そのため「要件定義書を1から書くにはどうすればよいのか?」を考えると途方もない作業に思えてしまいますが、要件定義書で重要なのは「目的」と「用途」の理解です。要件定義の捉え方で在り様が変わってくると私は考えています。
改めて、要件定義書とは
要件定義書作成における全体のプロセスは次の通りです。
- 要求書をクライアントから受領する
- 大まかなシステム要件
- 予算
- 納期 など
- 要件と作業内容を文書化する(SE)
- 実現方法を検討し、クライアントの合意を得る(PM)
多くの現場で要件定義書はSEが記載するという風潮があると思います。それ自体は間違っていませんが、SEで完結する作業ではない事を念頭に置くべきです。 SEが対応できるのは2の「要件と作業内容を文書化する」プロセスまでです。「要件定義書の書き方」が2を指すのであれば、「IPAや、過去プロジェクトのサンプルを参考にすべし」で話は終わります。しかし、要件定義書は書いたから終わりではありません。
SEが2で作成した文書を基に、金銭面や責任範囲などビジネスとしての都合を加味し、現実的な実現方法を検討し、その結果でクライアントの合意を得るまでが要件定義書の作成です。ここまで行わないと要件定義書が実質的な効力を持たず、「ここが想定していた挙動と違う」「仕様の追加・変更ができないなど聞いていない」などの論議が発生します。冒頭で述べたように、こういった事態は誰もが一度は経験したことがあるのではないでしょうか。
要件定義書の目的
「説明」だけが目的ではない
要件定義書の目的は、次の2つに分解することができます。
- 顧客に対する要件説明資料であること
- 実現方法を理解・合意してもらう
1は言うまでもなく、機能要件・作業範囲を明確にしないと費用と納期が守れる保証がありません。実装者の実作業にも関わってきますので、これがおろそかにされることはあまりないでしょう。
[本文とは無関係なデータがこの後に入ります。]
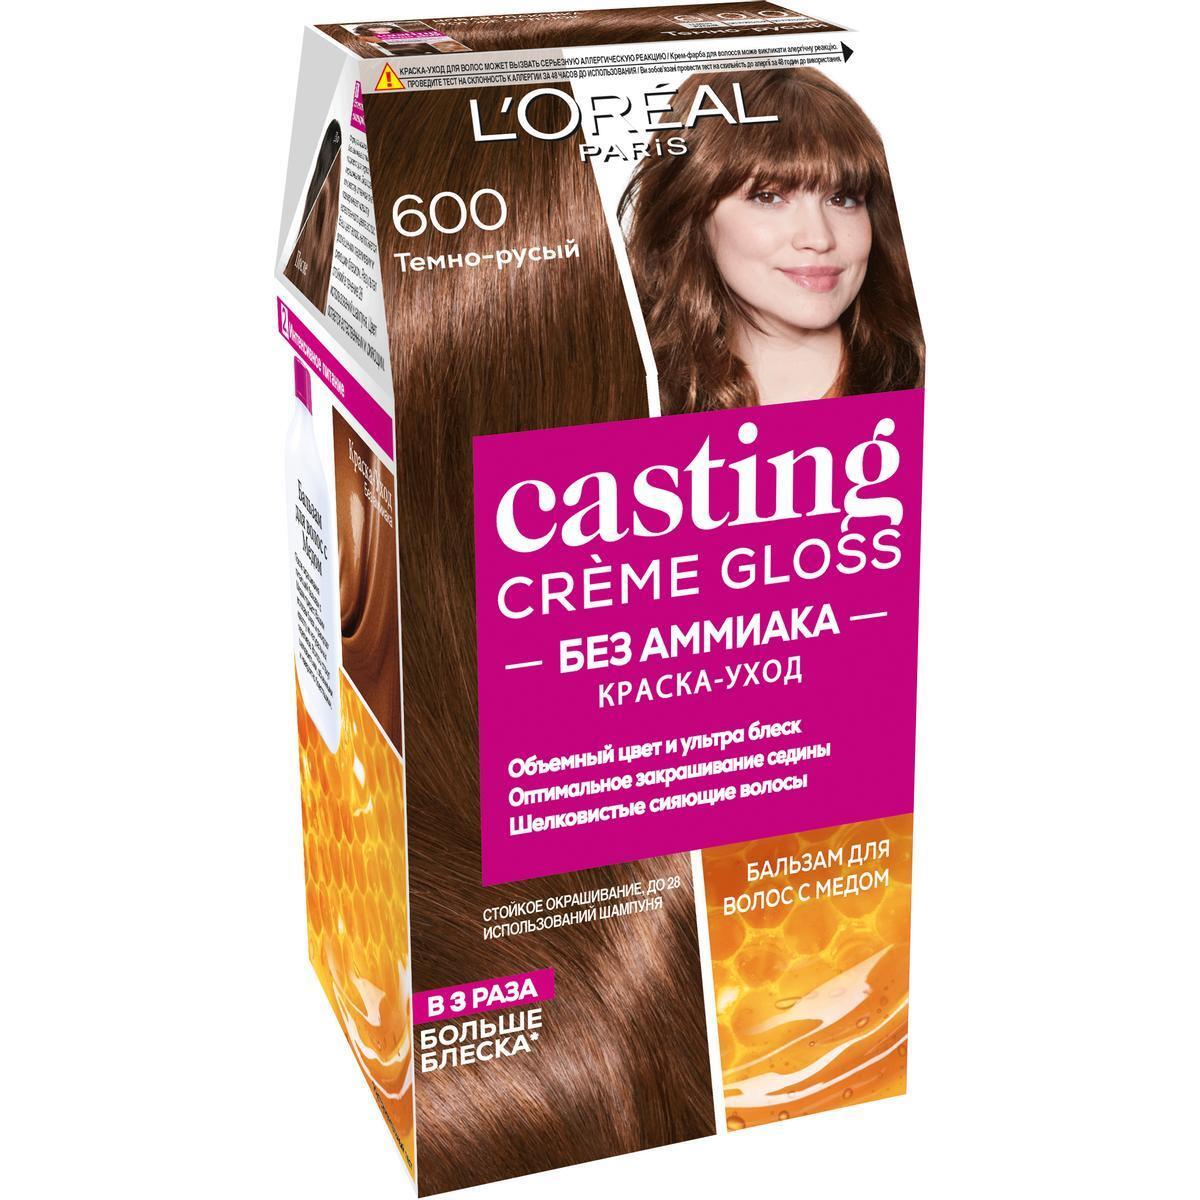 "L'Oreal Paris Стойкая краска-уход для волос ""Casting Creme Gloss"" без аммиака, оттенок 600, Темно-русый #1"

プロセスとして飛ばされがちなのが2です。開発途中にクライアントから「そんなことは聞いていない」「そんなつもりではなかった」と言われる事態に陥るのは、実現方法に関してきちんと合意が得られていないからです。
各フェーズにおける要件定義書の完成度は、大まかに次のように表すことができます。
- 要求書をクライアントから受領する:20%(ざっくりとしていて、不明瞭な状態)
- 要件と作業内容を文書化する:60%(実作業にあたり、ひとまずは整理された状態)
- 実現方法を検討、合意した文書:100%(要件に関して、双方の認識に疎通が取れている状態)
つまり要件定義書とは、「要件説明を行うためだけの資料」ではありません。合意形成を行い、双方の認識に疎通が取れて初めて要件定義書が100%完成したと言えます。
ただしクライアント側にシステム部門がない限り、実現方法について先方がきちんと理解することは難しいでしょう。そういった場合は、制作会社から理解が得られるよう働きかける必要があります。
要件定義書は、プロジェクトの責任者間で仕上げて初めて形を成す。
【合意形成のためのプロセス①】課題を整理し、実現方法を具体化する
実現方法の合意を得るには、課題が整理されており、かつプロジェクトの目的と効果が明らかになっている必要があります。
プロジェクトの開始時点では双方次のように考えているでしょう。
- クライアント「頓挫されては困る、精度もしっかりと保って欲しい」
- 制作会社「赤字にしたくないし、不夜城も避けたい」
どちらも満たすために必要な条件や課題を洗い出すと、概ね次のような項目が出てきます。
- 打ち合わせ頻度・方法・回答期限
- 開発体制・他社の参画有無
- 情報漏洩の防止
- インシデント発生時の対応
- コーディング規約
- セキュリティの保証
- 認識齟齬の防止方法
- チェック体制・方法
- システム実利用者の声
- 期限が守られるかどうかの定期チェック
- 仕様追加・変更の受付期限
- 支払い時期
- 制作中止時の支払い …
このように列挙することで、「我々制作会社がクライアントにどのような協力を求めているのか」だけでなく、制作会社自体が抱えている懸念も表面化させることができます。「わざわざ言わなくても普通はこうだよね」と思われるようなことでも、曖昧にしておくと後々起こりうるリスクとなります(誰しもが一度は経験があるのではないでしょうか)。当たり前と思われることでも、必ず一度表面化させましょう。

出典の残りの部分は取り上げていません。